• **DATA IN THIS EXERCISE**
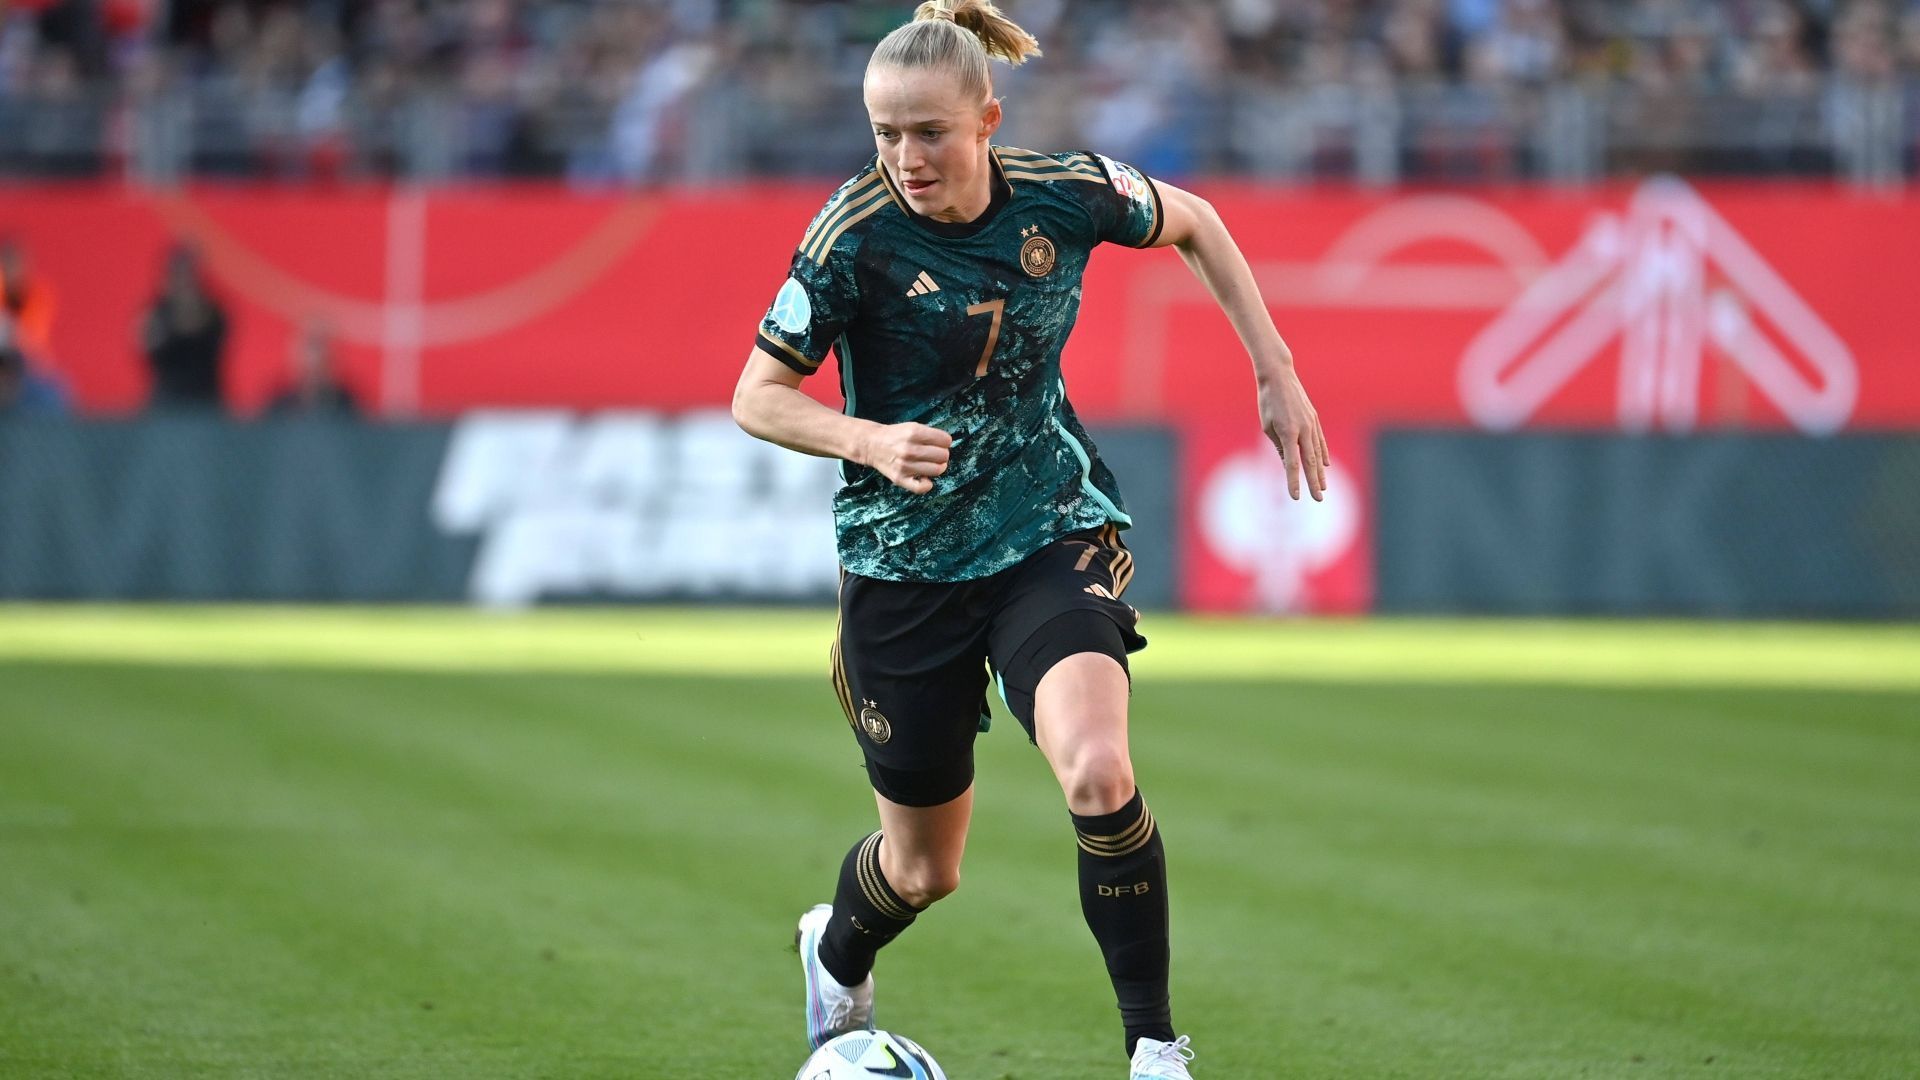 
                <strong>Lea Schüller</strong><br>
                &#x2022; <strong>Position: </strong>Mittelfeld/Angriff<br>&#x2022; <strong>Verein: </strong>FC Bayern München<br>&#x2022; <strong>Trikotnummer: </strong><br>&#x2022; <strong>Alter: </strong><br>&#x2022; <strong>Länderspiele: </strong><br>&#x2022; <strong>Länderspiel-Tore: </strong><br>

* * *

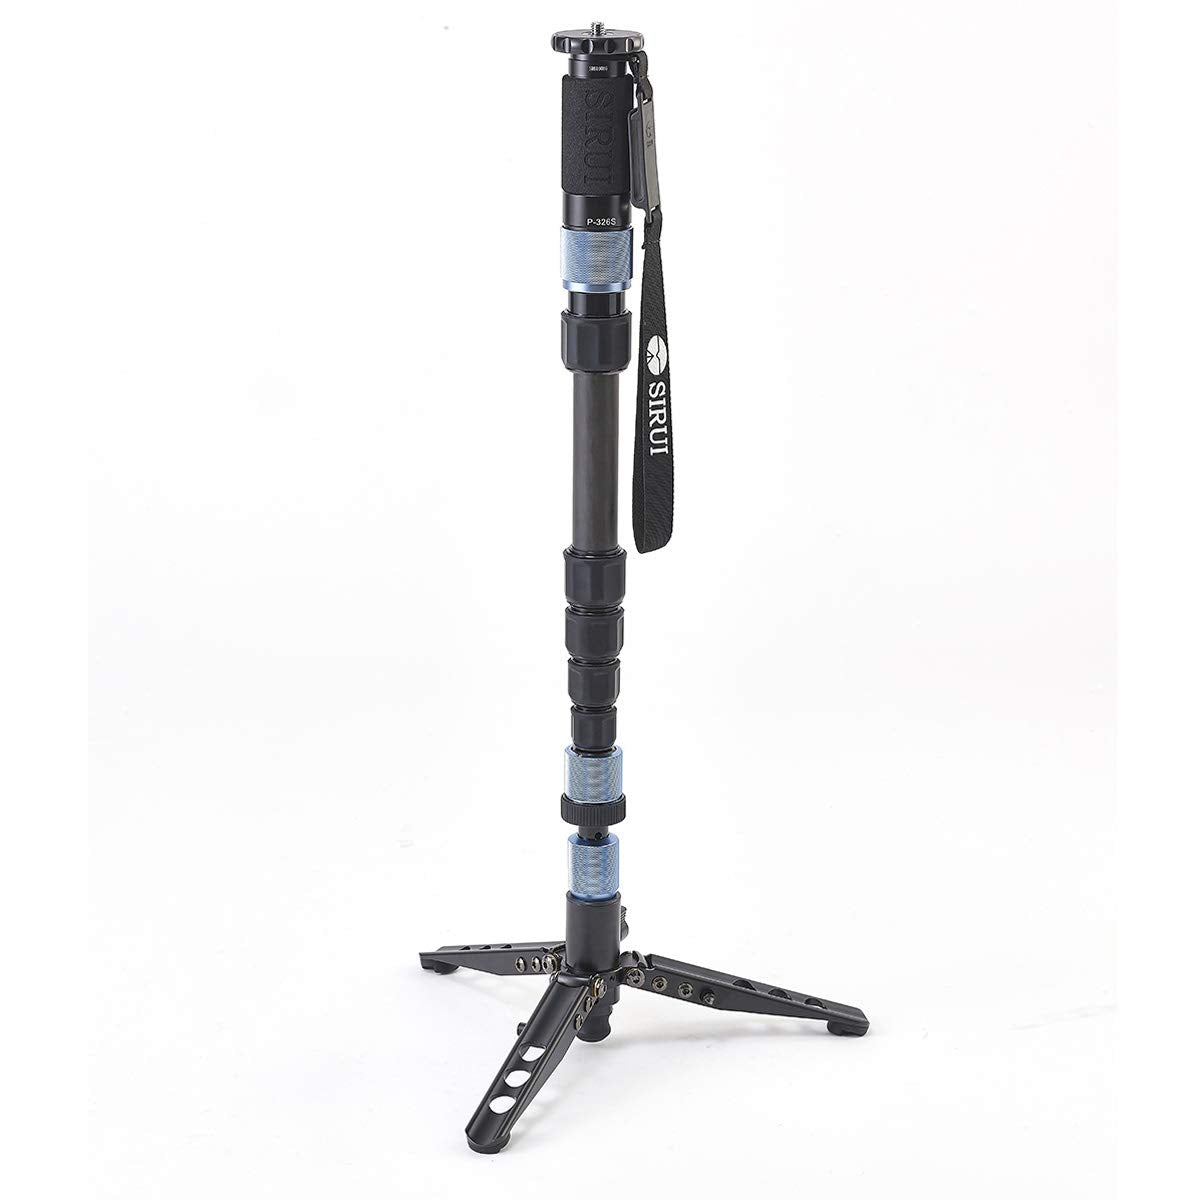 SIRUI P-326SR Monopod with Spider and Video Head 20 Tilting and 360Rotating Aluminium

• **TASK ITEM**
Starting with the line with "<strong>Lea Sc" above and going on through the line with "<strong>Verein: </strong>FC Bayern München<br>&#x2022;", transcribe every line exactly, both ends included, and add nothing.

• **ANSWER AREA**
                <strong>Lea Schüller</strong><br>
                &#x2022; <strong>Position: </strong>Mittelfeld/Angriff<br>&#x2022; <strong>Verein: </strong>FC Bayern München<br>&#x2022; <strong>Trikotnummer: </strong><br>&#x2022; <strong>Alter: </strong><br>&#x2022; <strong>Länderspiele: </strong><br>&#x2022; <strong>Länderspiel-Tore: </strong><br>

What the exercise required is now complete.